The Lutz article proposes a different approach. And the summary I’ve taken away from the article is thus: You use two matched microphones, spaced 5 cm apart. The signal from the mics are subtracted, which eliminates the room effects–because the mics are so close, they will see the same room reflections. And so subtracting the matched mic signals will null the room reflections. The “near” mic is placed 5 cm from the speaker. The “far” mic is thus 10 cm from the speaker. Both mics will capture the direct sound from the speaker. But, due to the inverse square law, the far mic amplitude will be about 1/4 that if the near mic. And so, this is a 6 dB difference.
A prototype has been built as shown below:
The prototype has two well matched MEMS mics (ICS40619). A small processor is used to turn the mics on an off. Press the button and the mics run for 20 minutes. For every button press, you add 20 minutes of run time. Run time from the CR2032 battery should be hundreds of hours. The battery is 235 mAH, and the CPU, LDO and two mics are under 2uA. When not running, the off current can get down to 200nA and so it can live in a drawer for a long time.
Placed above an 8" speaker, the near and far mic response can be seen in a normal spectrum plot. The yellow is near, the red is far. The difference between the signals is 7.1 dB. But remember, this will include room reflections.
Room response is best viewed in the time domain, with near subtracted from far. In the plot below, the mics were moved throughout the room to look at how the various reflected signals were picked up. The signal seen by each mic was substantially the same. This is a very important point–because it means when the mics are placed at the speaker, the reflections there will be substantially the same too.
This is the key point: Speaker amplitudes picked up by the mics will be very different due to inverse square law (roughly 6 dB). But the room reflections picked up by the mics will be nearly the same.
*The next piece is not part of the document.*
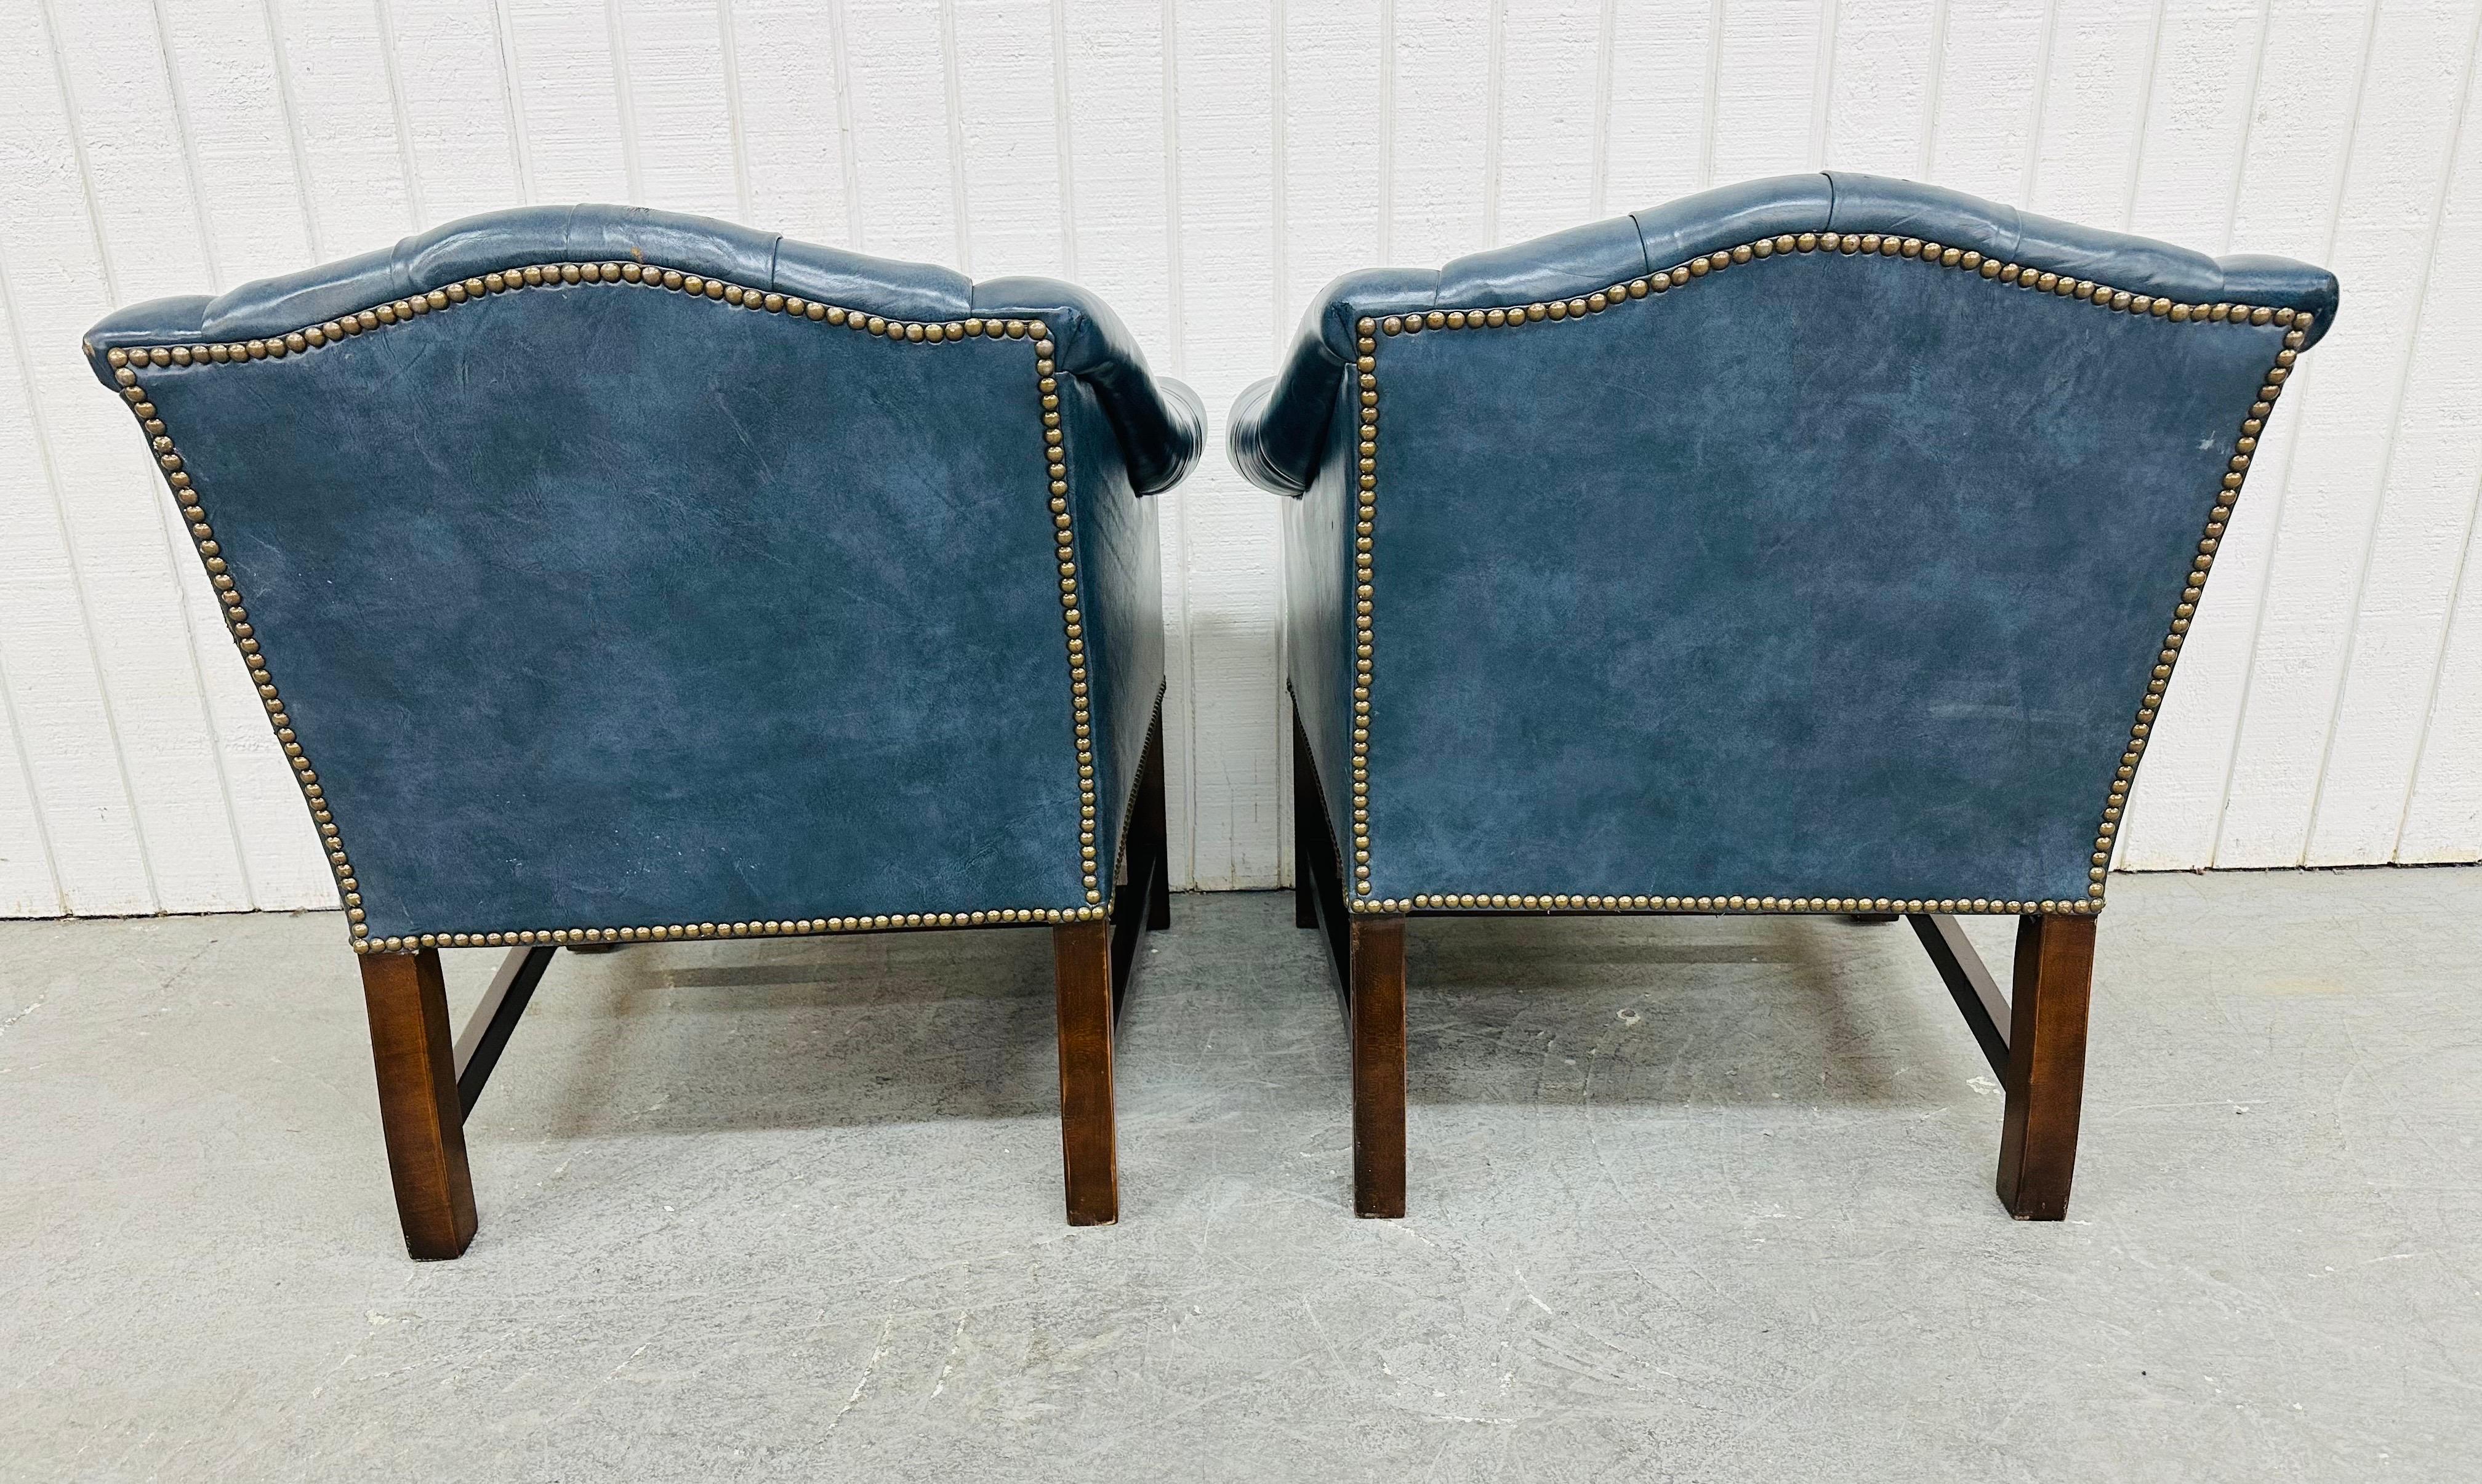 Vintage Blue Chesterfield Arm Chairs - Set of 2 1
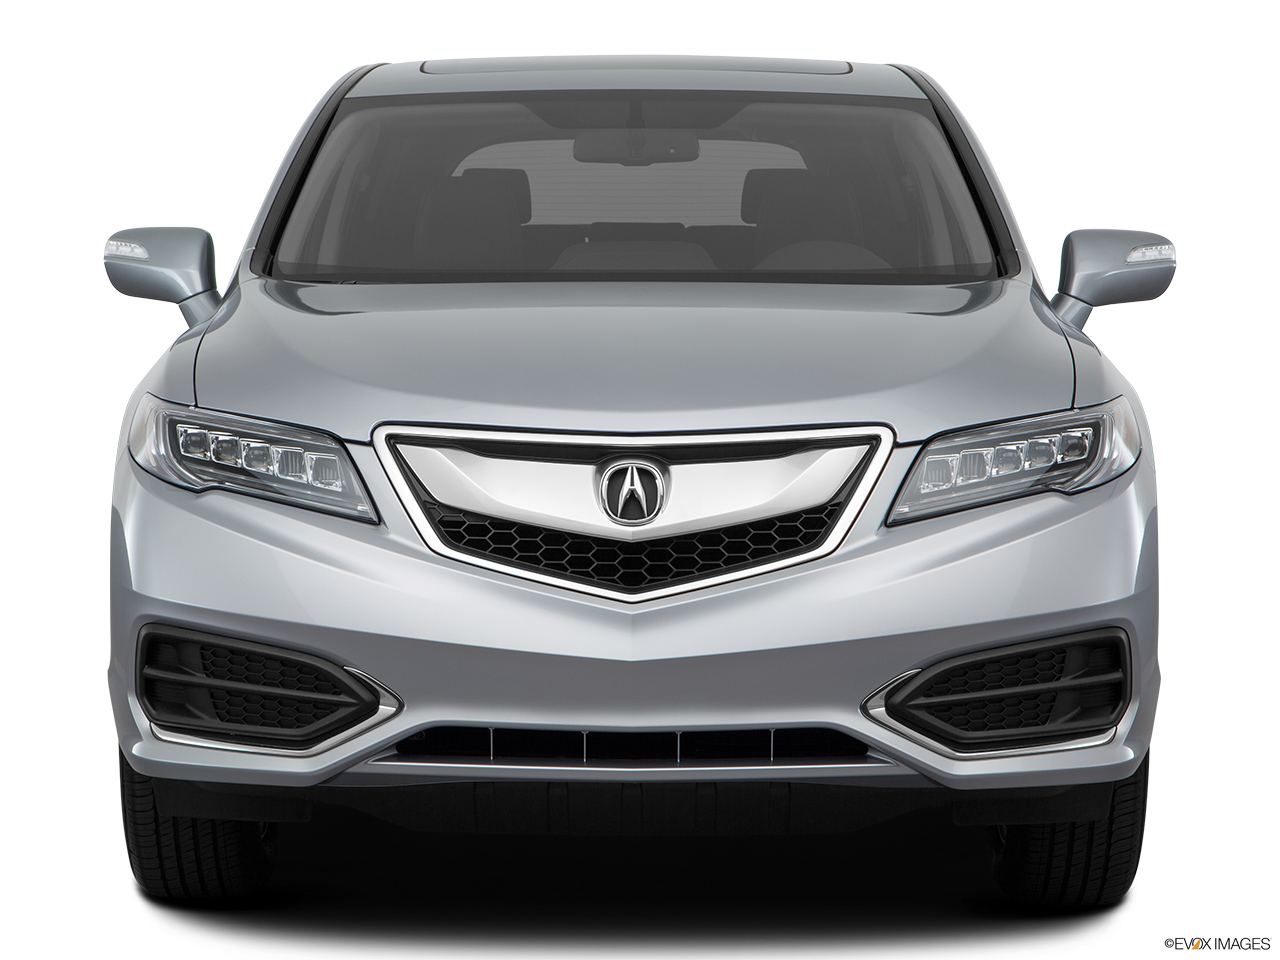 2017 Acura RDX AWD Low/wide front.

In the Lutz article, the math were performed in the analog realm, and a dial was adjusted to null. In the digital realm, we can maybe refine things a bit further.
Let M1 be the near mic, and M2 be the far mic. The far mic (M2) amplitude will be 0.25 that of M1. The reflections (R) will be M2-0.25*M1.
The true speaker response (TSP) is:
TSP = M1 - R = M1 - (M2- 0.25*M1).
The above hasn’t been tried, it’s just speculation at this point.
The mics are well matched for amplitude and phase. However, as the frequencies of interest increase, eventually the 5 cm mic spacing will be 180 degrees out of phase and instead of the signals cancelling, they will add. This problem will be present for both reflected and direct signals. The first null frequency will occur around 1.72 kHz for the 5 cm spacing. So, as the frequency increases above 300-500 Hz, the comb filtering begins to become more pronounced and must be compensated for. But luckily, as the frequency gets higher still, time gating with a far field measurement can be used to eliminate the room reflections.
The technique described by Lutz seems important and significant. And with today’s well-matched MEMS mics, potentially very low cost as well. To date, far field measurements can be made in reasonably sized rooms. But low-frequency measurements below 100 Hz or so have been difficult due to the long gating times required to capture the frequencies involved. Lutz’ technique may have changed that.